For the past 32 years, COCOBOD has relied on offshore borrowing to finance cocoa purchases through its cocoa syndication programme. However, the organization is shifting its strategy to reduce dependency on external funds.

Speaking to the media on Tuesday, August 20, COCOBOD’s CEO, Joseph Boahen Aidoo, explained that this new approach is expected to save an estimated $150 million.

“Is it good that always COCOBOD should be heard going to borrow? Are we comfortable with that tag? Today, you have heard that COCOBOD is not going to borrow. It is quite a good time for any human being to learn his or her lessons.

“In 32 years, we have learned our lessons and we think that it is high time we wean ourselves from the offshore international financial markets and then finance the crop ourselves here and that is exactly what we are going to do. And I think it comes with a lot of projectory benefits.

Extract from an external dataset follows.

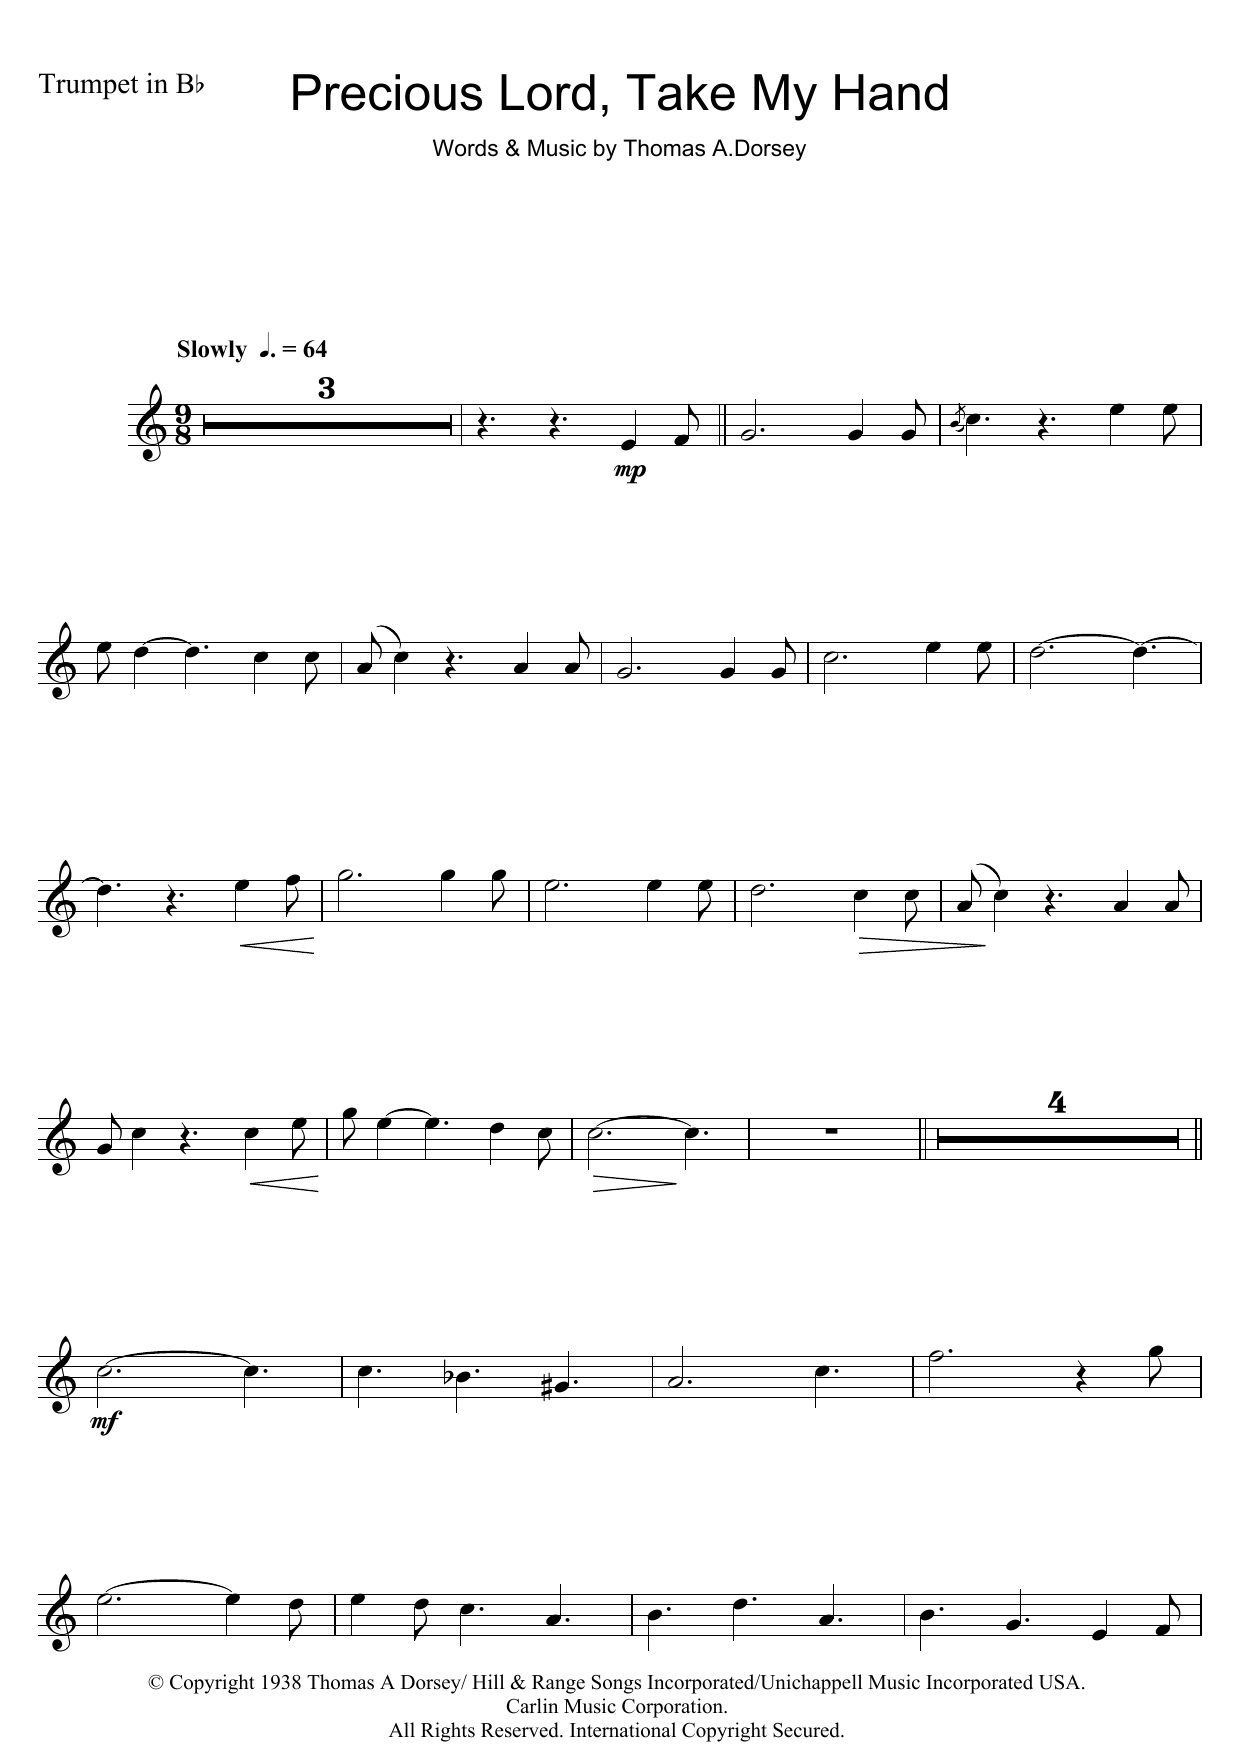 Aretha Franklin Precious Lord, Take My Hand (Take My Hand, Precious Lord) Sheet Music Notes & Chords for Tenor Saxophone - Download or Print PDF

“We are looking for $1.5 billion this crop season and looking at the interest rates last year, which were over 8 percent, plus the cost, it means that we can save more than $150 million by the decision not to go offshore.

He also denied assertions that COCOBOD was short-changing farmers with its pricing of cocoa.

“It is not true that COCOBOD is not giving the farmers a fair price. If you follow the narrative, you will notice that from 2017 on, COCOBOD has even been more than fair.

“The government had been more than fair to farmers because this was a time when prices had collapsed but the government and COCOBOD did not reduce the farmers’ price.”